-- Available data follows --

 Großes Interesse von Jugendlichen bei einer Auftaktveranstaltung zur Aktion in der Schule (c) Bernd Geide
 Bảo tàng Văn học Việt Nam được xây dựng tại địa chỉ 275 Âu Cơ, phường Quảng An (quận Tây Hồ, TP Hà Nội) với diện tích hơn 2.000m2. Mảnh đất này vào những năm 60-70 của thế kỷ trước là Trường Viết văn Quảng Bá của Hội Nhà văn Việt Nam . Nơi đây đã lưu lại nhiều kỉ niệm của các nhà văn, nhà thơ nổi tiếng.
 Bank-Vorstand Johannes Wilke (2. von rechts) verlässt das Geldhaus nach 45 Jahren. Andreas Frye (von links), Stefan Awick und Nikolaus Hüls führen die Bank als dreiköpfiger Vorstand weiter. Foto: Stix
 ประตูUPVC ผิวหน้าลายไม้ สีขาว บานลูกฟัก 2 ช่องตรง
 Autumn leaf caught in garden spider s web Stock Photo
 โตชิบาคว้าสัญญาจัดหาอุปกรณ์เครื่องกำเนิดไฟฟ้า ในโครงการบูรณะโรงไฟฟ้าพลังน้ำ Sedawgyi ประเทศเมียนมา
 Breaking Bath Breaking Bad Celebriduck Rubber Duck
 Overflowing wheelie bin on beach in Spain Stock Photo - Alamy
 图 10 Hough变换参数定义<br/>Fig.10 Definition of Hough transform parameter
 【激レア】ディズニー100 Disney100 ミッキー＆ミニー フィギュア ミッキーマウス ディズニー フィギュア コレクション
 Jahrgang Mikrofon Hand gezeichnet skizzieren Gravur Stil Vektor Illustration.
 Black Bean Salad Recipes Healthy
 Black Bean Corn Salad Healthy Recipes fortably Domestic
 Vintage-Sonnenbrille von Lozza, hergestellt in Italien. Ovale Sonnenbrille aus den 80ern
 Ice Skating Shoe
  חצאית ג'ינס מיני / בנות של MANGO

-- Available data concluded --

Task objective:
Check the entries above line by line and return each one containing the word "Recipes".

Result of this exercise:
 Black Bean Salad Recipes Healthy
 Black Bean Corn Salad Healthy Recipes fortably Domestic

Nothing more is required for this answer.